The framework performs well in emotionally charged situations where people need psychological guidance through transitions.
According to Think Insights research, TechSolutions Inc. successfully applied the model when transitioning from hardware sales to software-as-a-service solutions, helping staff navigate emotional challenges while reducing pushback and improving adaptability.
Another research from Butler University Libraries shows that they used the Bridges’ transition model during their cloud-based system migration. Initial assessments showed 47% of staff were prepared for change, with 77% successfully progressing to the "New Beginning" stage after implementation.
According to William Bridges Associates' research, the model's advantage is its focus on the human element of change by acknowledging the psychological journey or experience of the individual. It offers a clear pathway for managing emotional reactions and highlights the importance of ongoing communication during transitions.

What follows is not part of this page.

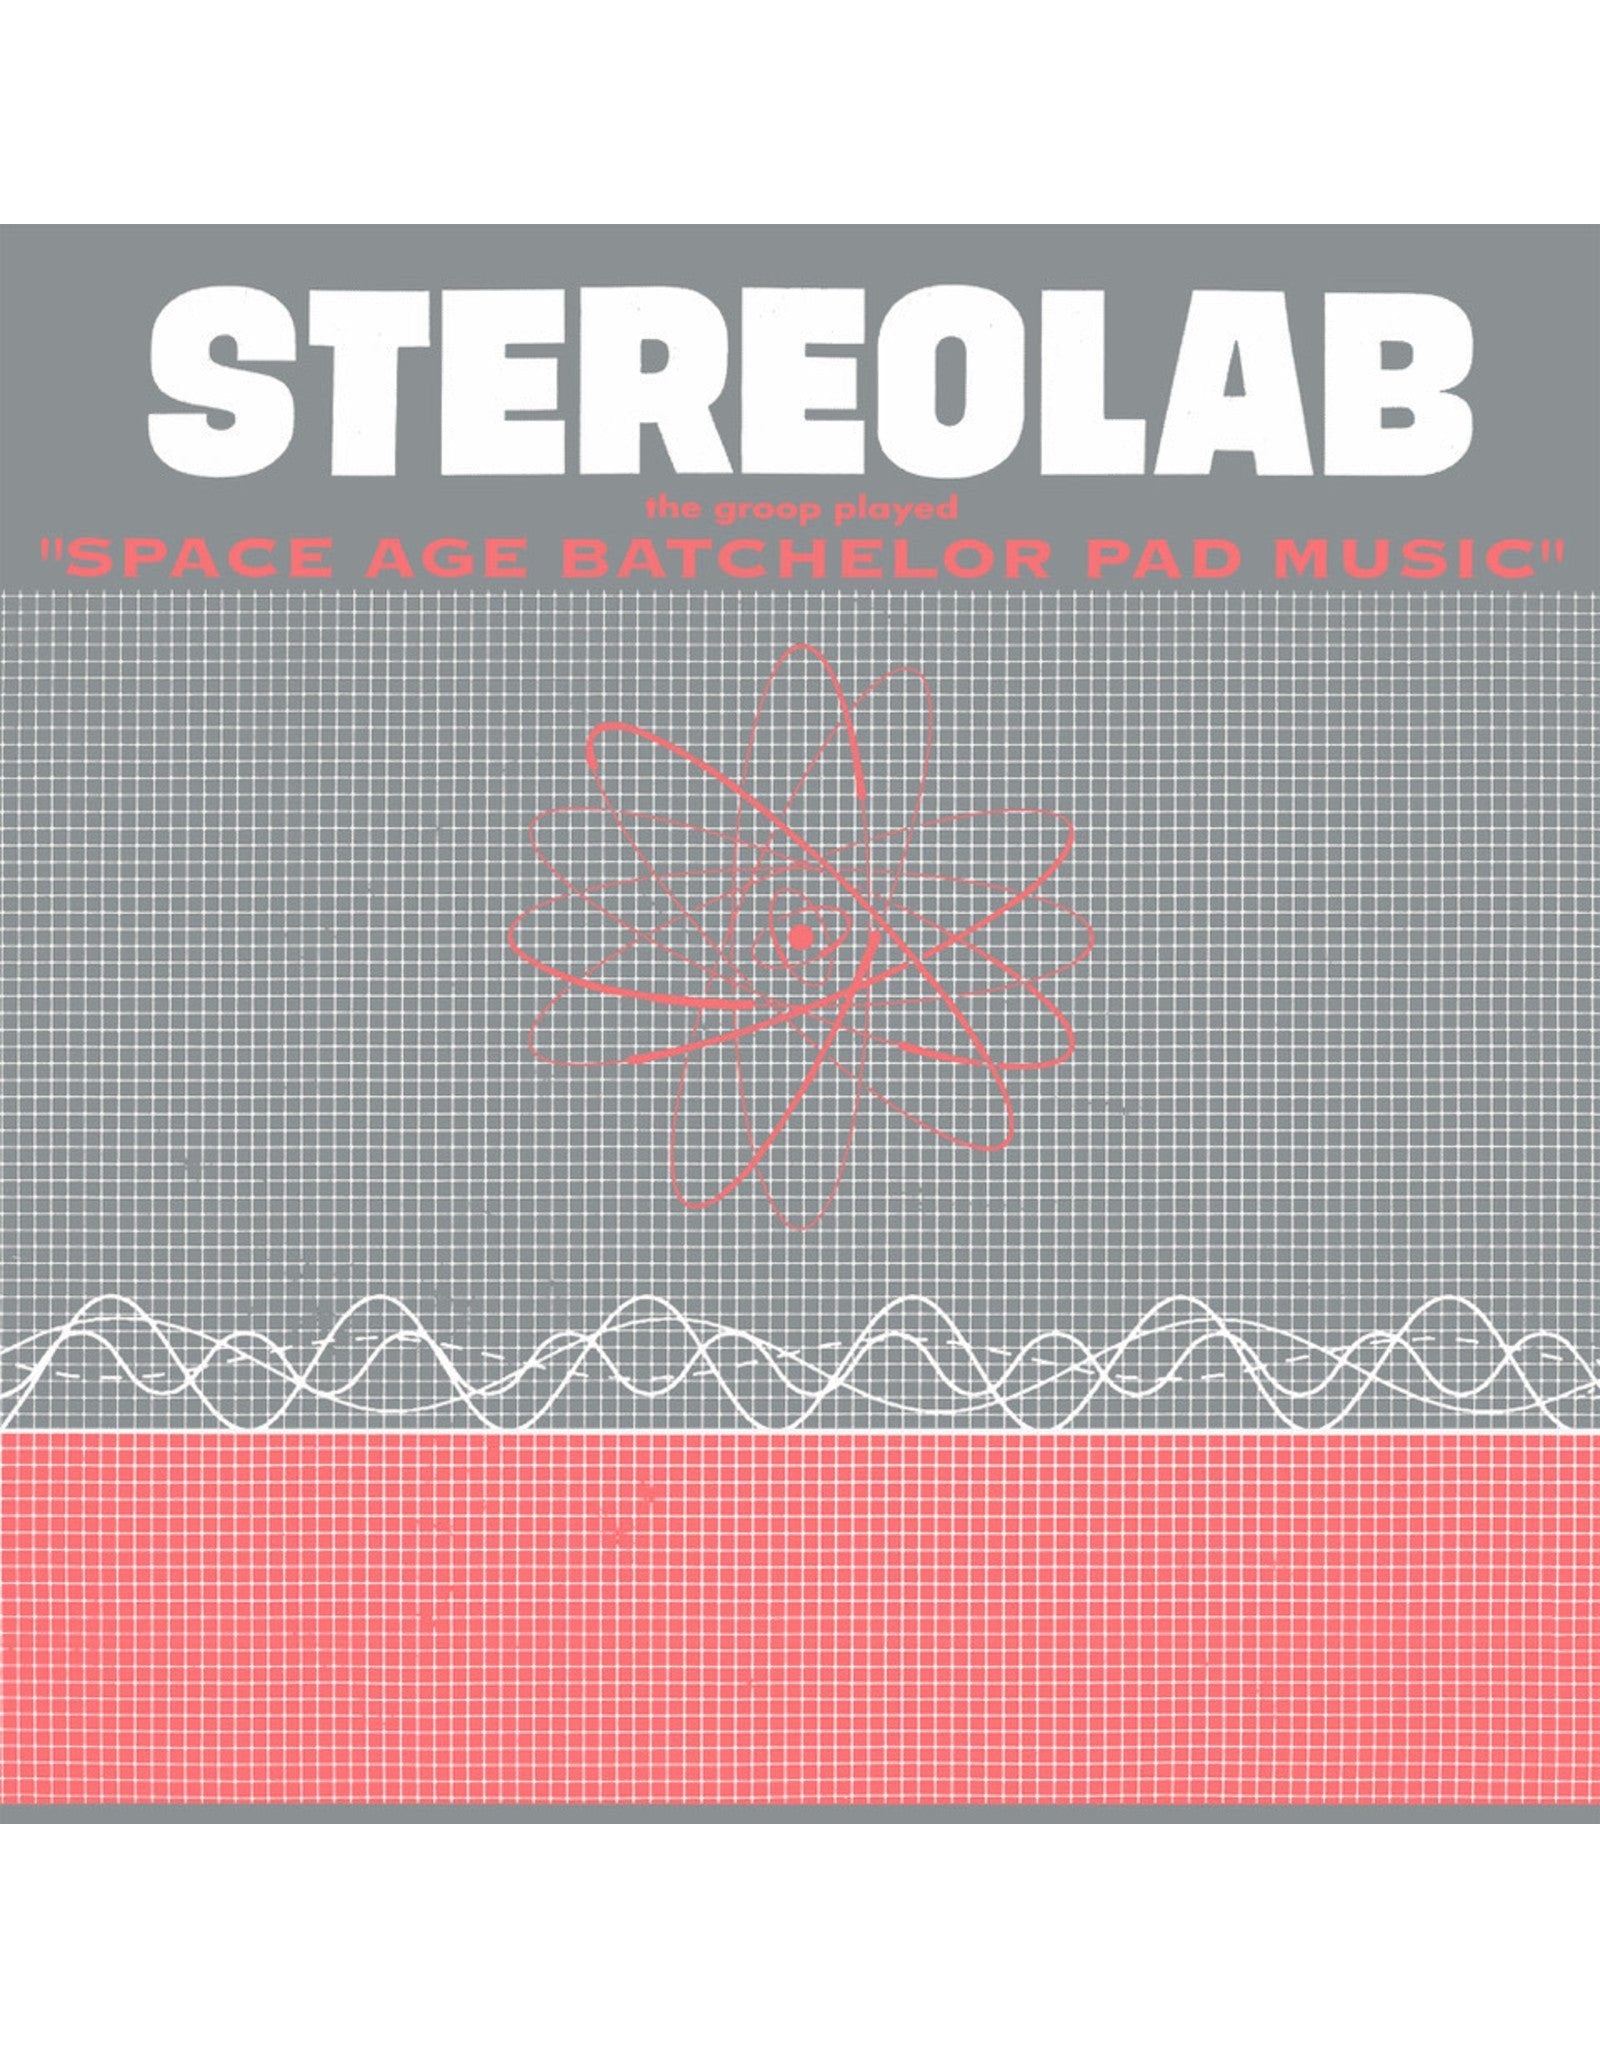 Stereolab - The groop played “Space Age Batchelor Pad Music” - 33RPM

Some experts believe the model has a limited scope since it concentrates mainly on human transition while missing other crucial organizational elements. It doesn’t adequately address the wider organizational context and can place too much emphasis on individual needs versus organizational priorities.
Prosci's analysis adds that the model lacks guidance for measuring progress or results. It provides useful insight into emotional reactions, but falls short of offering a structured process for converting understanding into action.
Family therapist Virginia Satir created her change framework in the 1960s and 70s based on patterns she observed in families and organizations going through transformation.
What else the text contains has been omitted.